# USB device does not wake up after sleep



## G9A9O9 (Jan 21, 2010)

HI

I wonder if anyone can solve this one:

I have several *USB sound adaptors*, which cost just a few dollars on eBay, and plug into your USB port to provide additional sound out paths on a Mac.

These devices are tiny USB plugs that actually contain a digital-to-analogue sound card converter, and have a microphone jack (3.5 mm) for audio input, and a headphone jack for audio output. Even the USB sound adaptors that are designed for PC work fine on the Mac, and without any driver. And as I say, you can pick them up for just a few dollars.

I find these USB sound adaptors useful. I have three of them, and I can connect various pieces of audio equipment to each of these USB sound adaptors (such as my headphones, my hi-fi, my multimedia speakers, etc), and then conveniently switch the Mac's Sound Out to the required USB sound adaptor, just using the Sound Control panel. 

This means that I don't have to start plugging my headphones, hi-fi, and multimedia speakers in and out when I want to use them: I just change the desired output via the Mac sSound Control panel  (or even more conveniently, via the freeware "SoundSource" menubar sounds source changer).

This all works very well.

However, quite often when my MiniMac wakes up from sleep, one or more of my plugged in USB sound adaptors will become effectively unmounted, and no longer responds. Of course, pulling the USB device out and plugging it back in again fixes the problem, but I would like to know why they do not wake up from sleep, and become inactive or unmounted. I also have a USB hard drive plugged in, and this has no problems with waking up after sleep.

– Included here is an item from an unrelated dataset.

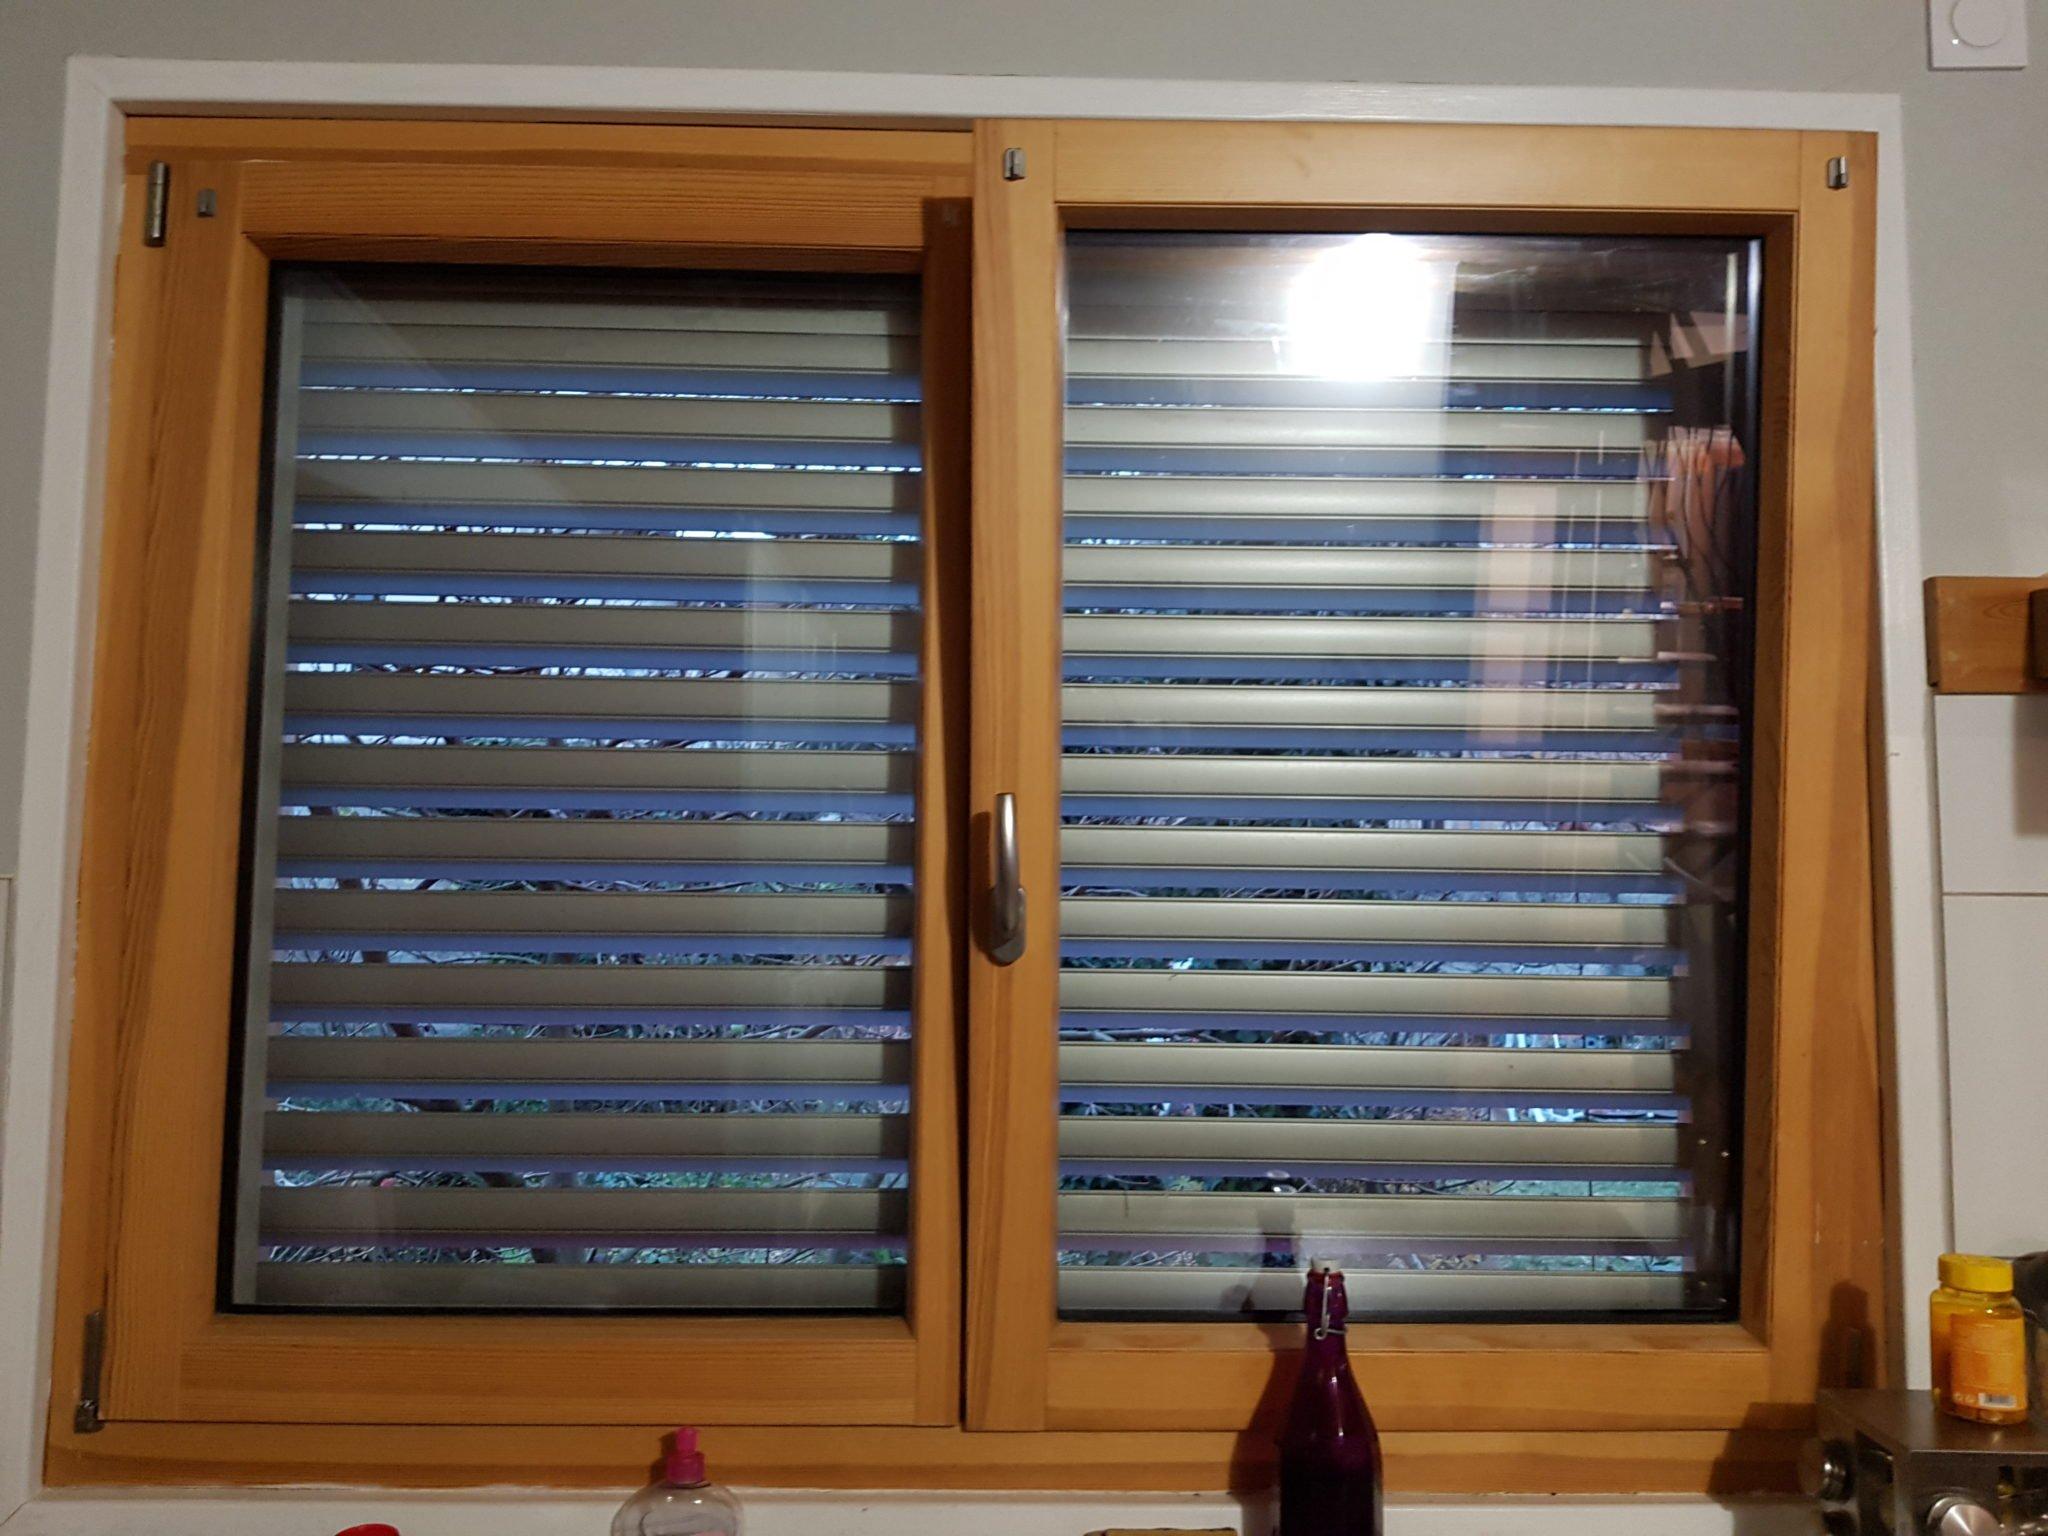 20171206 080438 - Fenêtres bois et mixte

One solution is perhaps finding some software, or an Applescript, that remounts all USB devices after my machine wakes up from sleep. Does anyone know of such a utility?

But I will be grateful for any other suggestion as to why this is happening, and on how to fix the problem.

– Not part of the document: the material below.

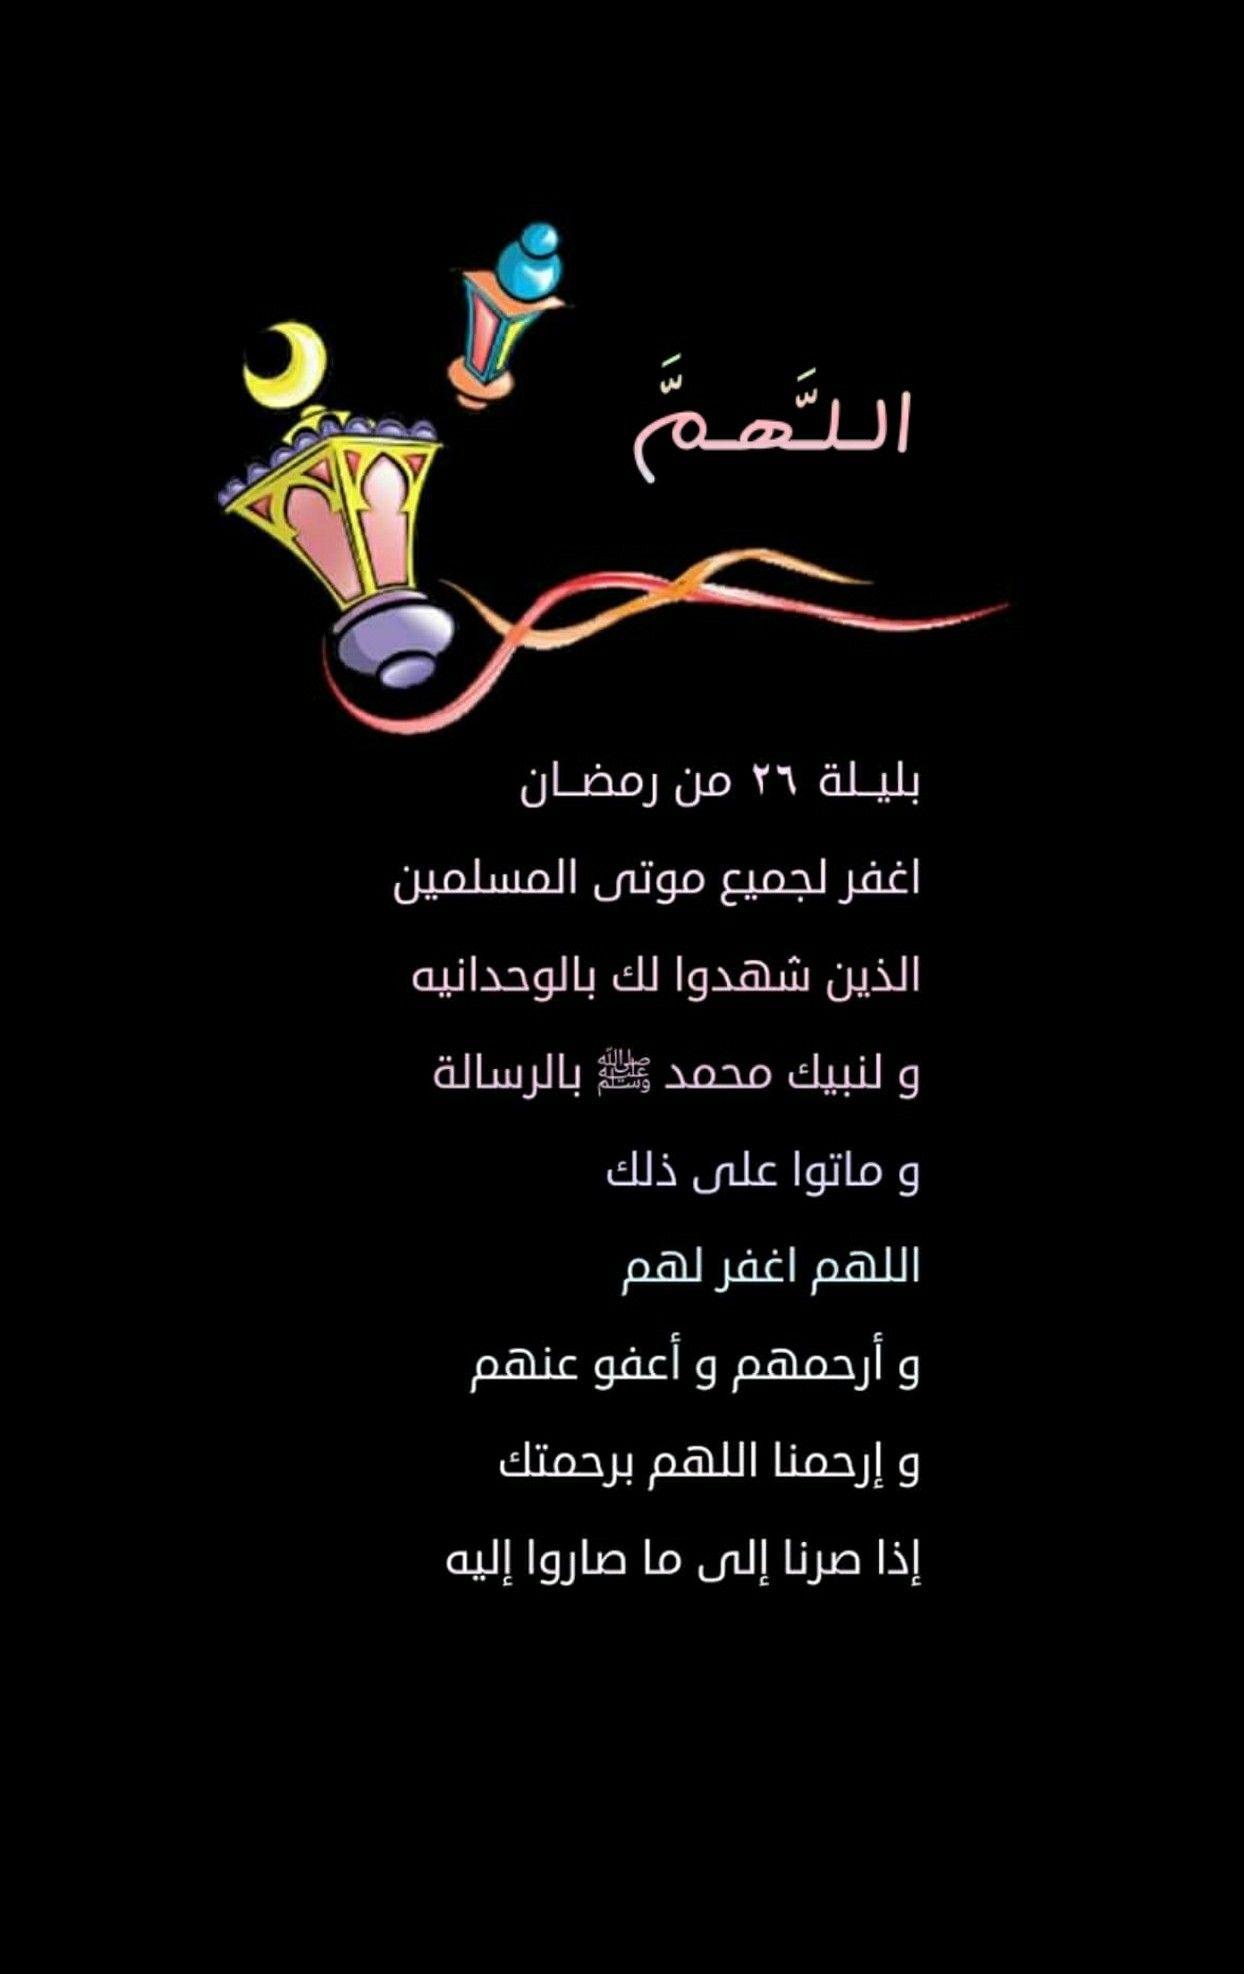 اللهــــم بليــلة ٢٦ من رمضــان اغفر لجميع موتى المسلمين الذين شهدوا لك بالوحدانيه و لنبيك محمد ﷺ بالرسالة Ramadan Quotes Ramadan Prayer Ramadan Greetings

Many thanks for your assistance with this.


----------



## MisterMe (Jan 21, 2010)

You have a simple problem. It is not necessary to tell your life's story to explain it. Short stories are sweet stories and are more likely to be read to completion and to elicit a helpful response.

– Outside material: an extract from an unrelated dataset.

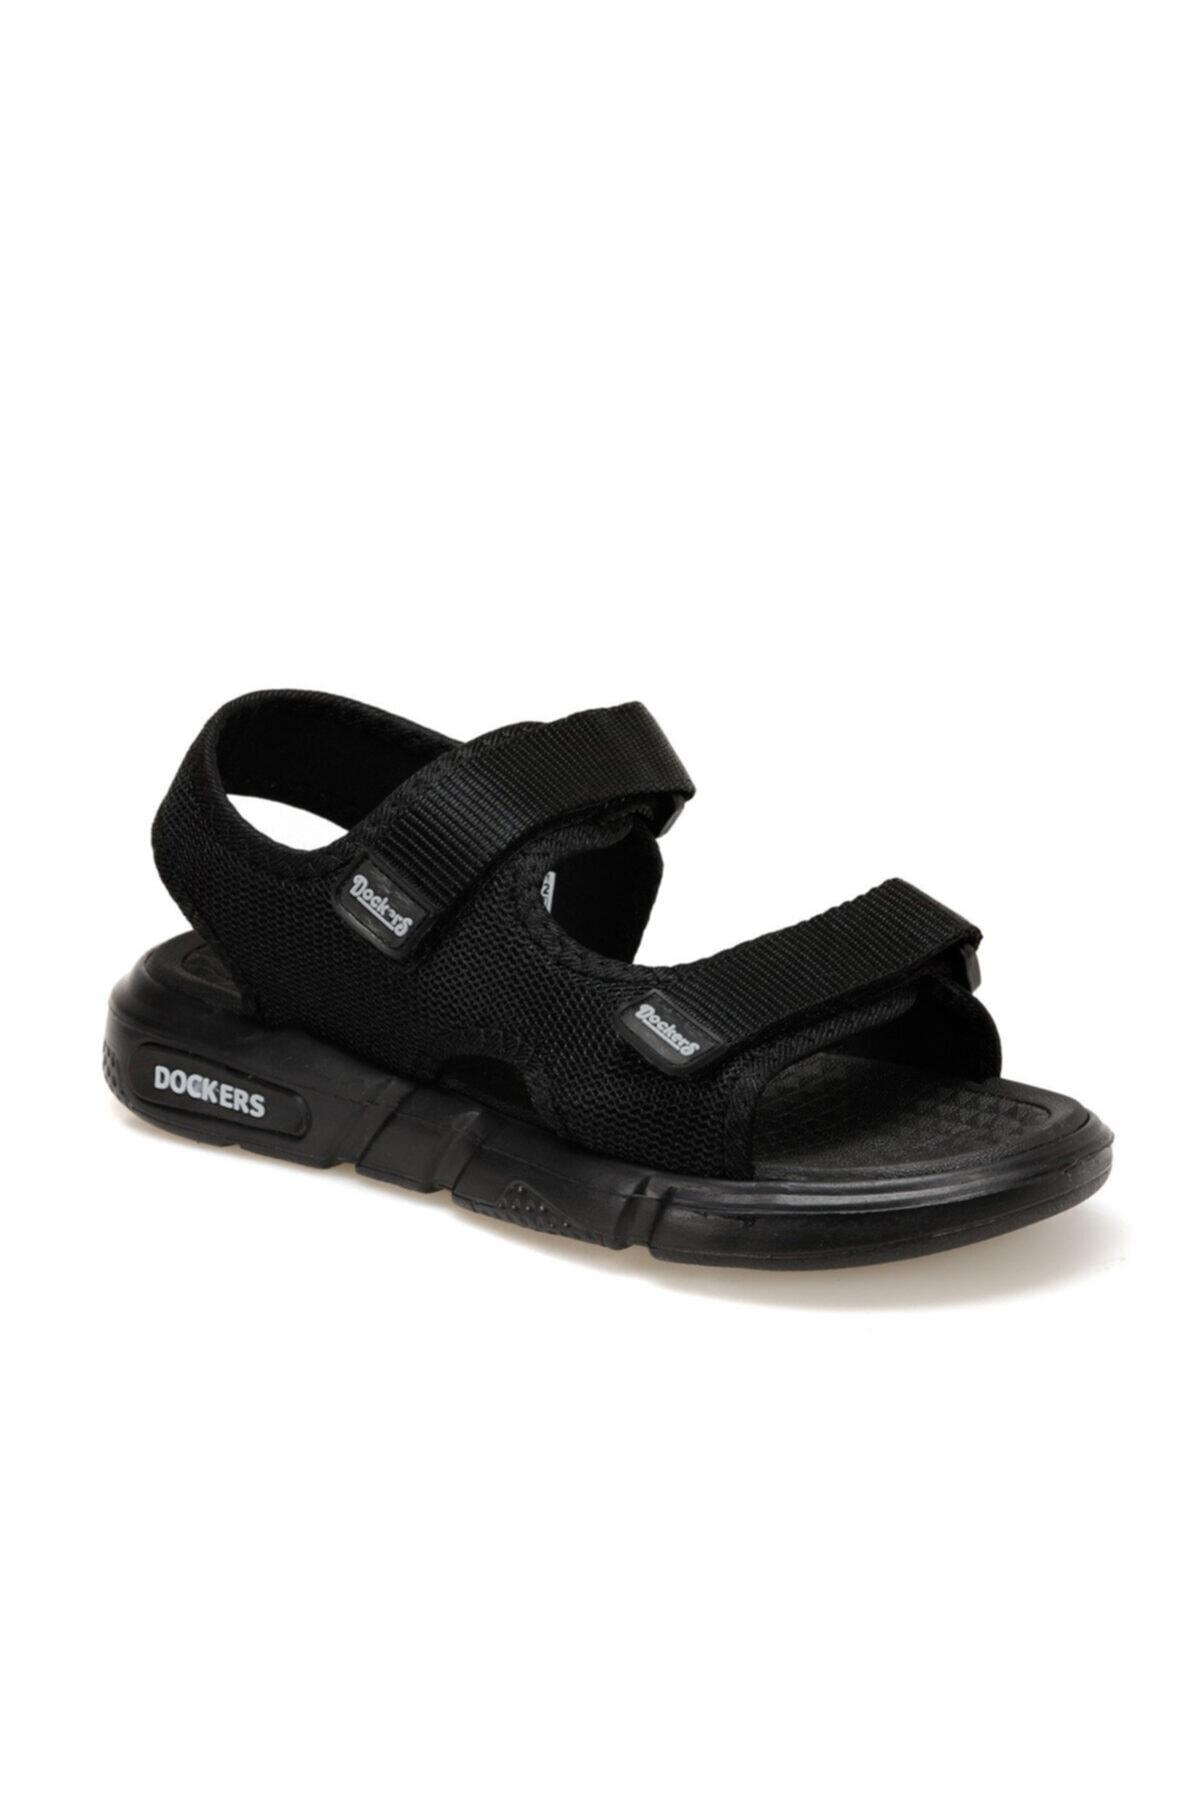 Dockers By Gerli 228650 Siyah Erkek Sandalet 100497772 1

That said, I presume that your adapters are bus-powered. That is, they draw a finite amount of power from the USB ports. My guess is that the Mac shuts down the USB ports and thus unmount devices that draw power like your adapters. I also guess that your adapters have no way to remount themselves when your Mac reawakens.

These are my best guesses about the cause of your problem. The fix? Well, if I am correct, then there is no fix beyond what you are already doing. Remove and then reinsert each adapter after sleep.


----------



## ElDiabloConCaca (Jan 21, 2010)

What happens if you connect said audio devices through a powered USB hub?  It stands to reason that if the hub can correctly "wake from sleep," then the devices attached to said hub may also be able to correctly wake from a computer sleep state.


----------



## G9A9O9 (Jan 21, 2010)

That is a very good idea, eldiabloconcaca.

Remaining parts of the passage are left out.